Above is a labelled detail of an image of the current Eyjafjallajökull (or Fimmvörduháls) eruption in Iceland, captured by the Advanced Land Imager aboard NASA’s EO-1 satellite on 24 March 2010 and reproduced here courtesy of the NASA Earth Observatory. The active fissure can be seen bottom left, with its lava fountains and its plume of gas and ash, with a predominance of water vapour indicated by its light colouring. The smaller plume in the centre is produced not by an additional fissure but by phreatomagmatic activity caused by the lava flow which can be seen flowing north-east from the seat of the eruption encountering an abrupt steepening of its descent (as reported here). This image was sent over by Robert Simmon in advance of its publication at the NASA Earth Observatory site: our grateful thanks to Robert for the preview.

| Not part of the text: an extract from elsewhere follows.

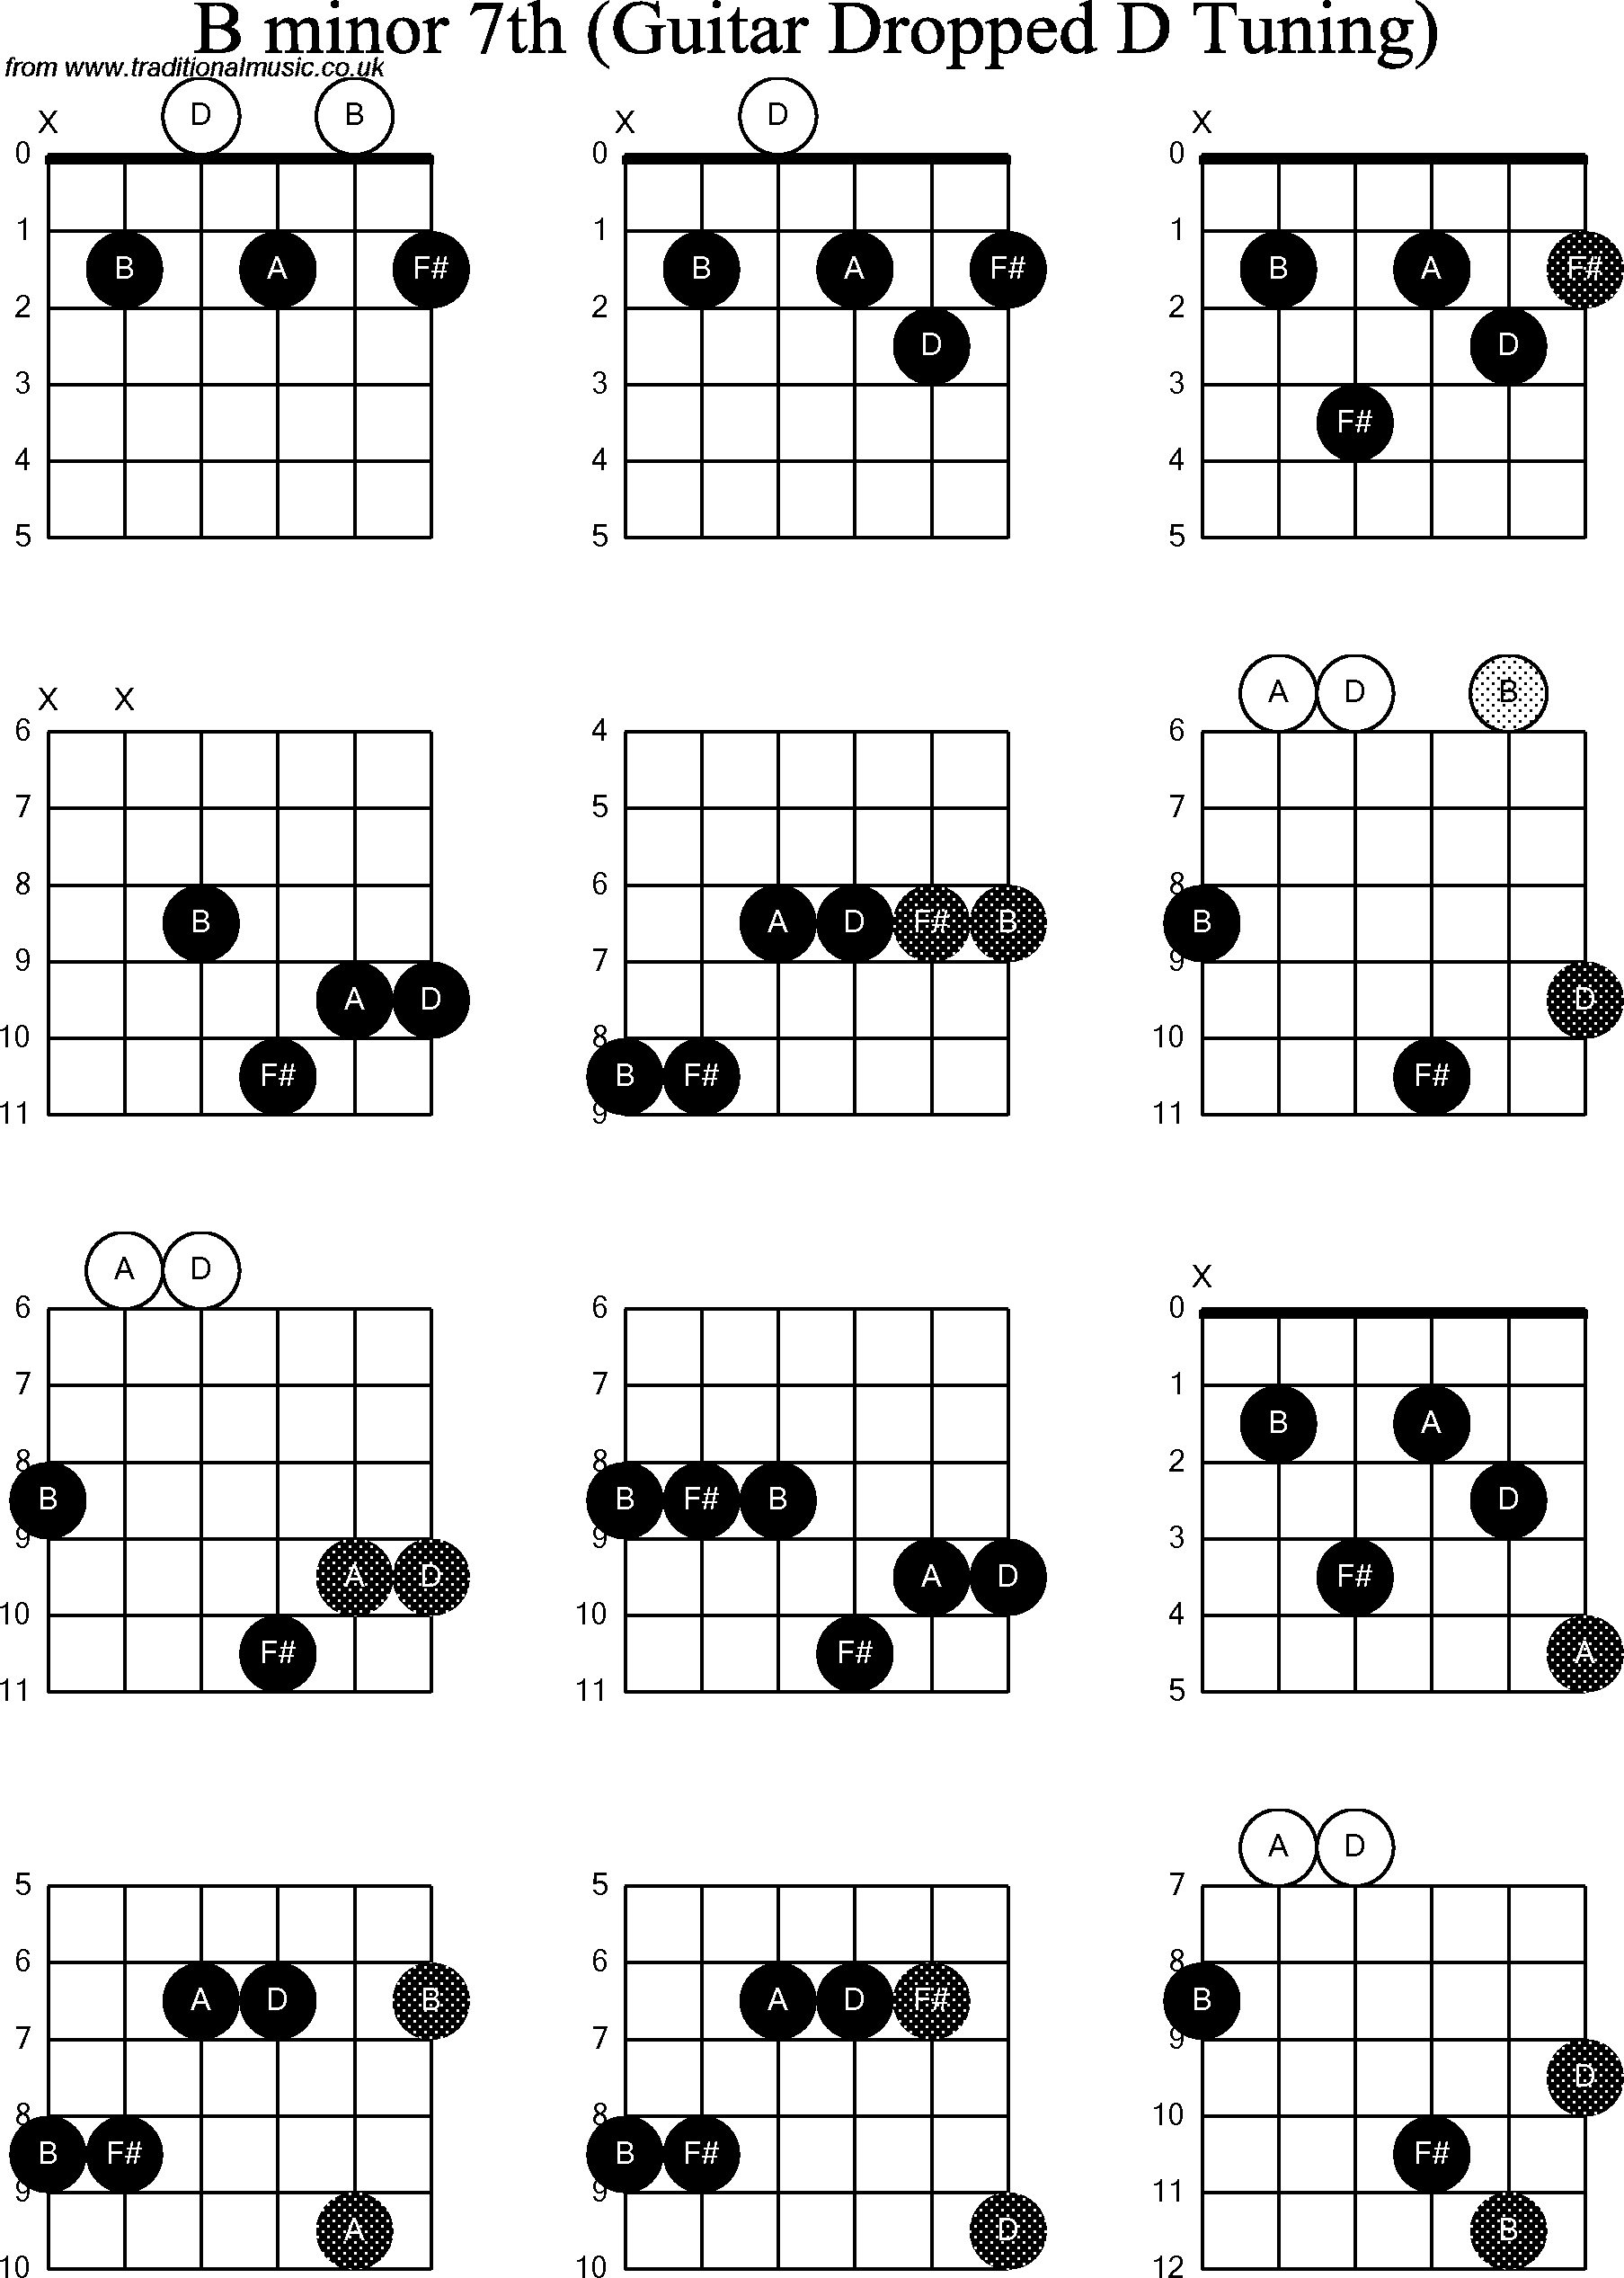 Chord diagrams for dropped D Guitar(DADGBE), B Minor7th

Yesterday ‘increased force’ in the eruption was reported, but today the webcams appear to show diminished activity (although the reduction of ice and snow in the vicinity of the eruption through melting may also be playing a role in reducing the scale of the eruption plumes). A warning has been issued about toxic fumes in the vicinity of the eruption: sulphur, flourine, carbon dioxide and carbon monoxide are being released by the activity. Seismically things appear fairly stable underneath Eyjafjallajökull and Katla and there is little sign of the latter stirring, although prudent preparations are under way locally, just in case. There has been much media speculation about the potential global consequences of a Katla eruption; New Scientist has an oddly-titled but sober assessment, only giving in to temptation and mentioning Laki 1783 at the very end.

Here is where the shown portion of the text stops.